Posted almost 14 years ago by Susan Rinkus Farrell

Nurse practitioners, or NPs, rank as one of the fastest growing health-care professions, with about 140,000 qualified to practice in the U.S., up from 125,000 in 2008, according to the American Academy of Nurse Practitioners (AANP).

NPs, registered nurses with a master's degree, are trained to perform many of the same tasks as your family physician. They cost the health-care system less, provide similar or sometimes better quality care and patients tend to be just as satisfied with their service, studies suggest.

Regulations vary from state to state as to how much autonomy NPs may have, but most practice under a doctor's supervision and only about 10,000 NPs run their own practices in the 11 states that allow it.

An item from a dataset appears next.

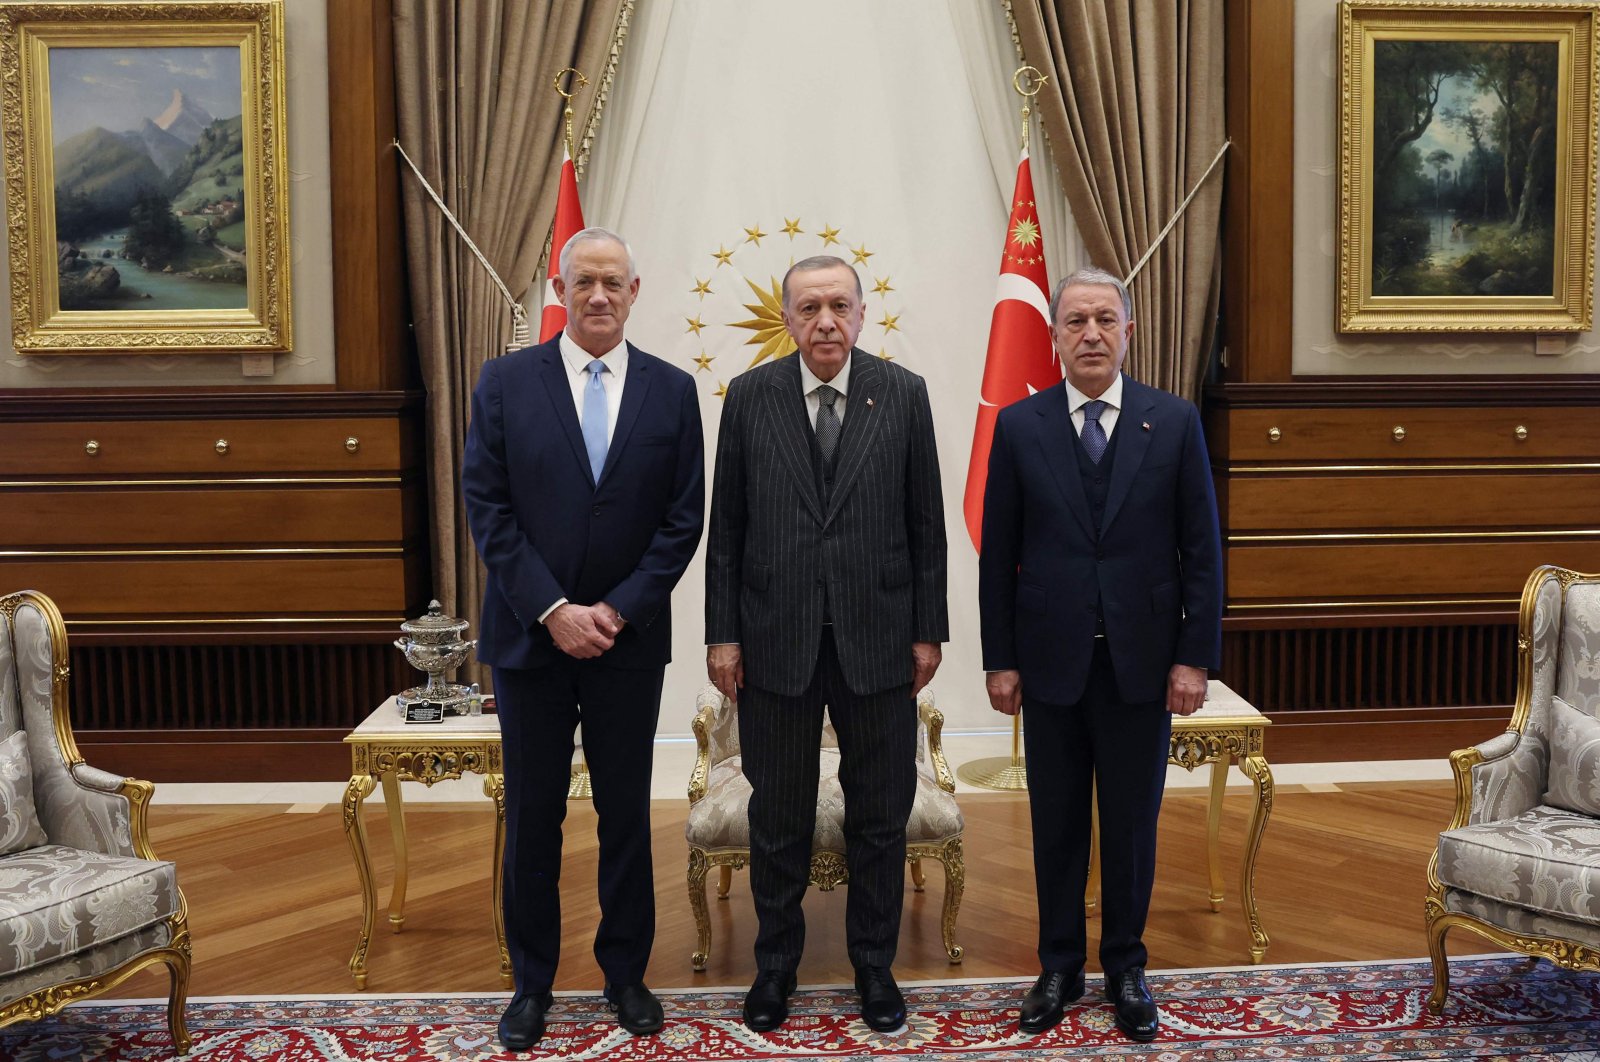 This handout picture released on October 27, 2022 by the Press Office of the Ministry of National Defense shows Turkish President Recep Tayyip Erdoğan (C) posing for a photo with Israeli Defense Minister Benjamin Gantz (L) and Turkish Defense Minister Hulusi Akar (R) at the Presidential Complex in Ankara, Türkiye, (AFP Photo)

Stressing patient-safety concerns, the American Medical Association opposes any regulatory changes increasing NPs' autonomy. But both clinical need and research to the contrary ultimately will trump a turf war between doctors and NPs, said Jeffrey C. Bauer, a medical economist with Chicago-based Affiliated Computer Services Inc.

Earlier this year Bauer conducted a review of dozens of published studies about NPs from 1981 to 2009 and couldn't find one that contradicted NPs' ability to provide equal or better quality care than physicians across many areas of nursing and medical practice.